WORK ORDER:
Output all of the data exactly, keeping any images out of the copy.

COLLECTED DATA:
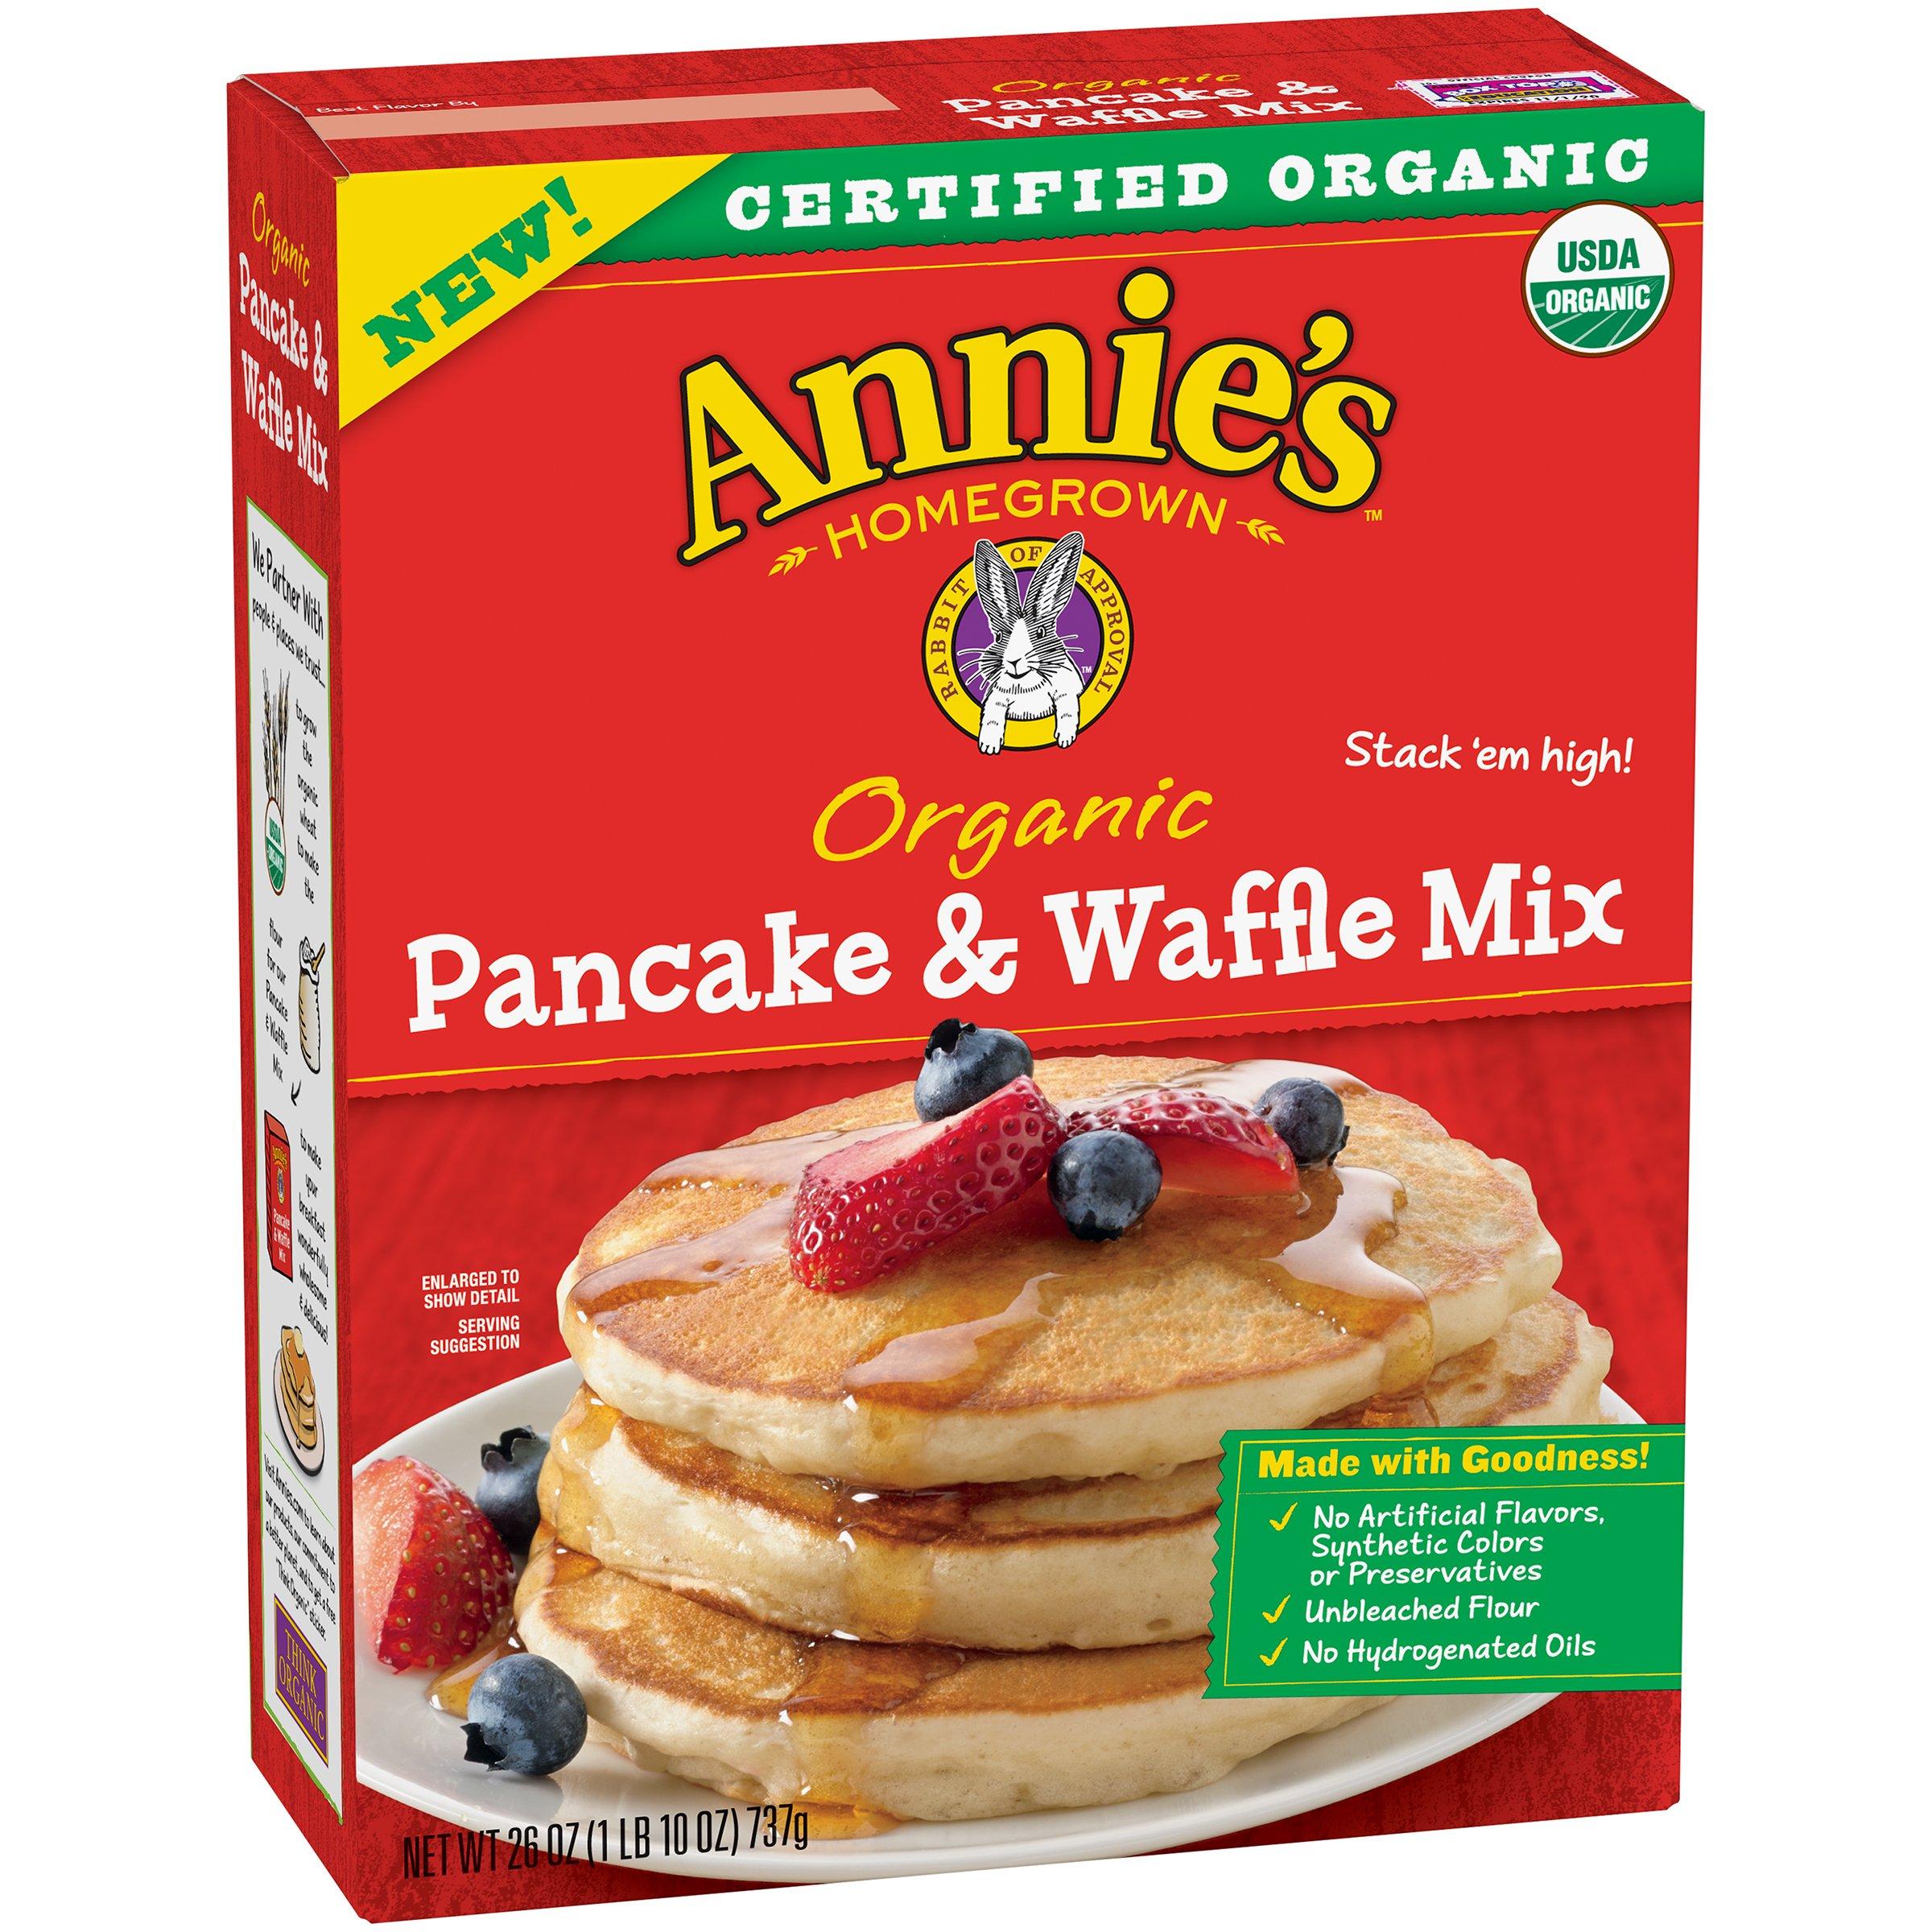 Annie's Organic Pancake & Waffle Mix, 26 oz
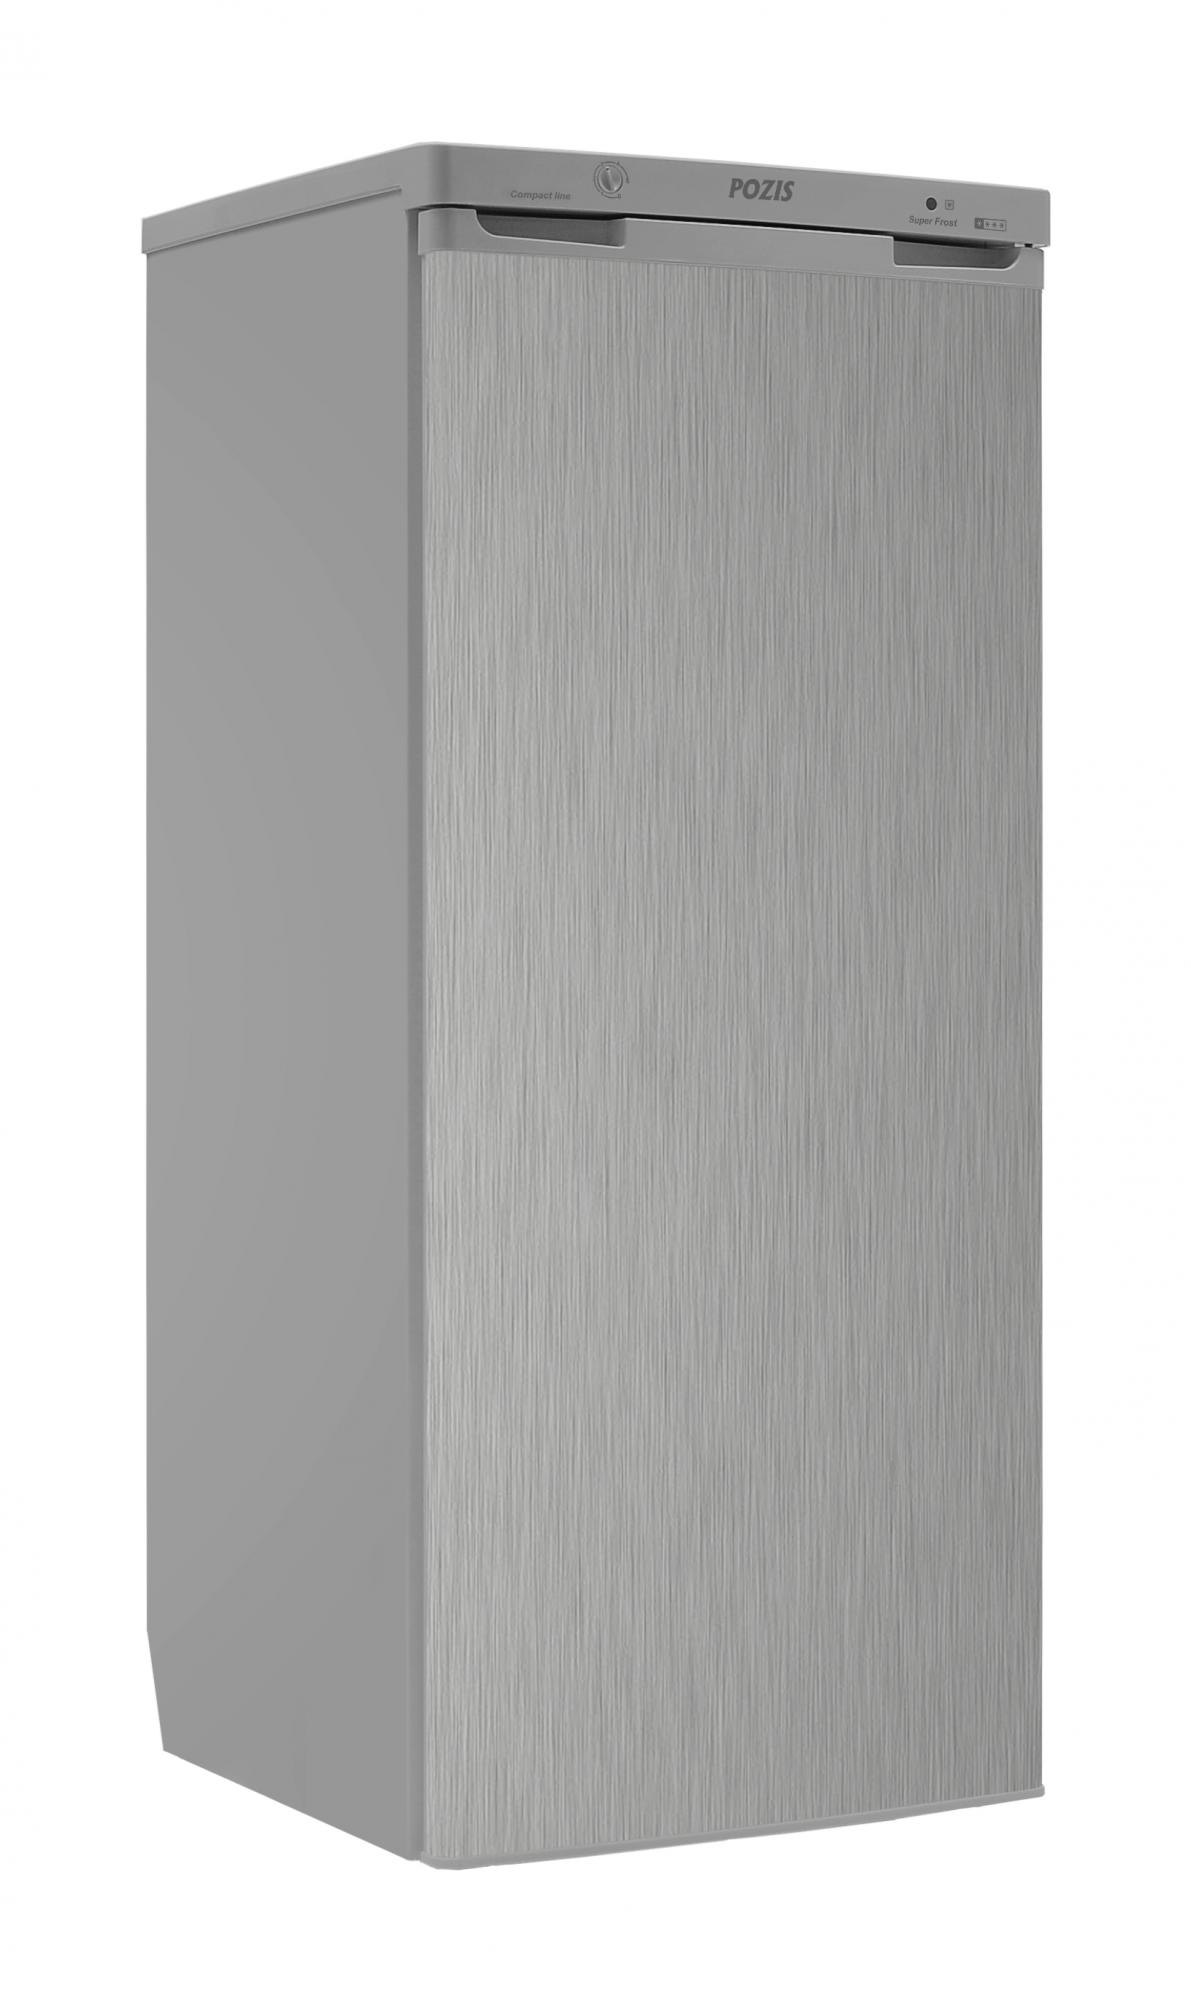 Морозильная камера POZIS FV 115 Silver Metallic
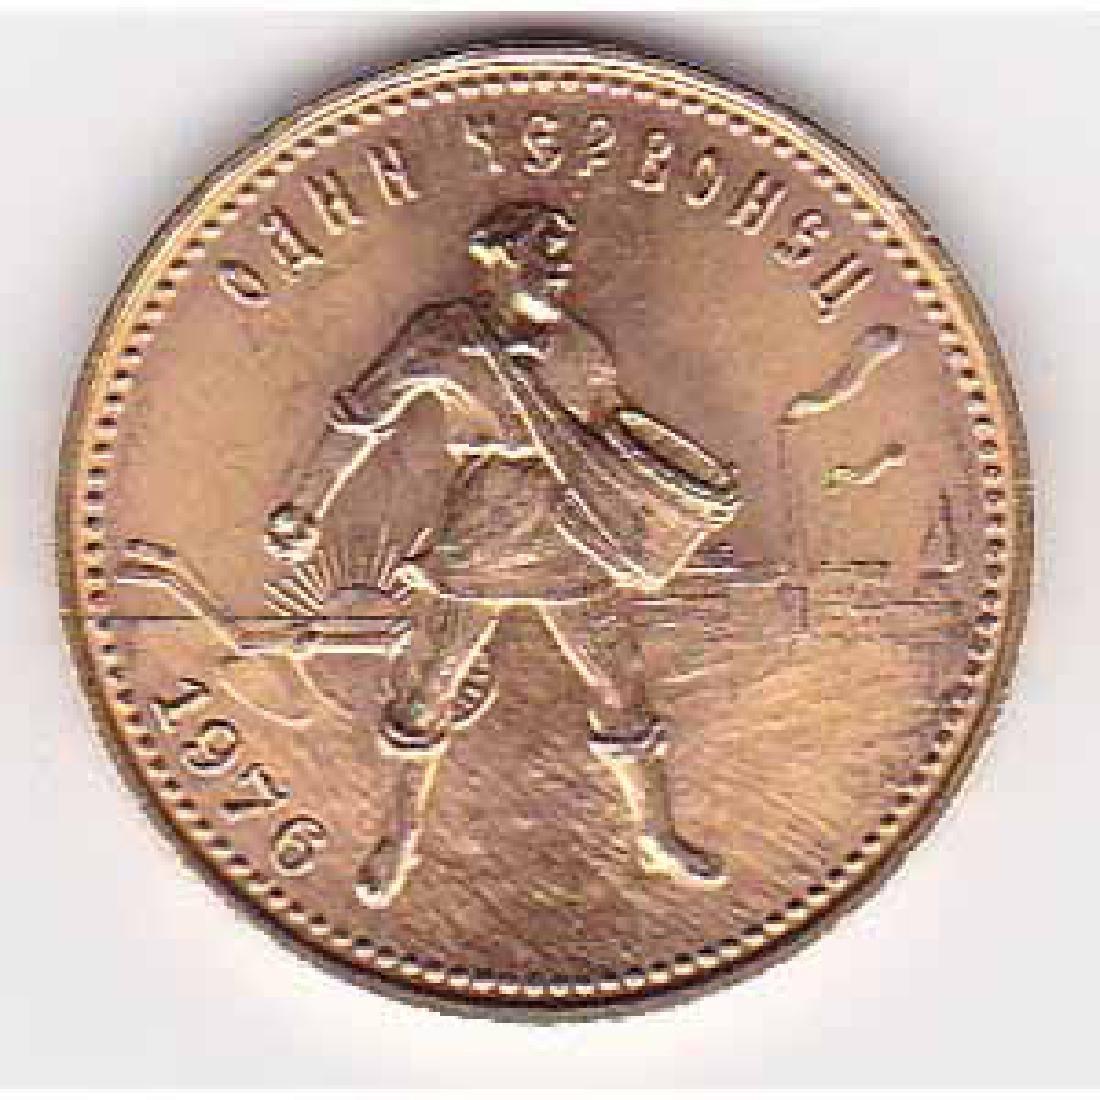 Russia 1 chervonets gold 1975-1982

OUTPUT OF THE TASK:
 Annie's Organic Pancake & Waffle Mix, 26 oz
 Морозильная камера POZIS FV 115 Silver Metallic
 Russia 1 chervonets gold 1975-1982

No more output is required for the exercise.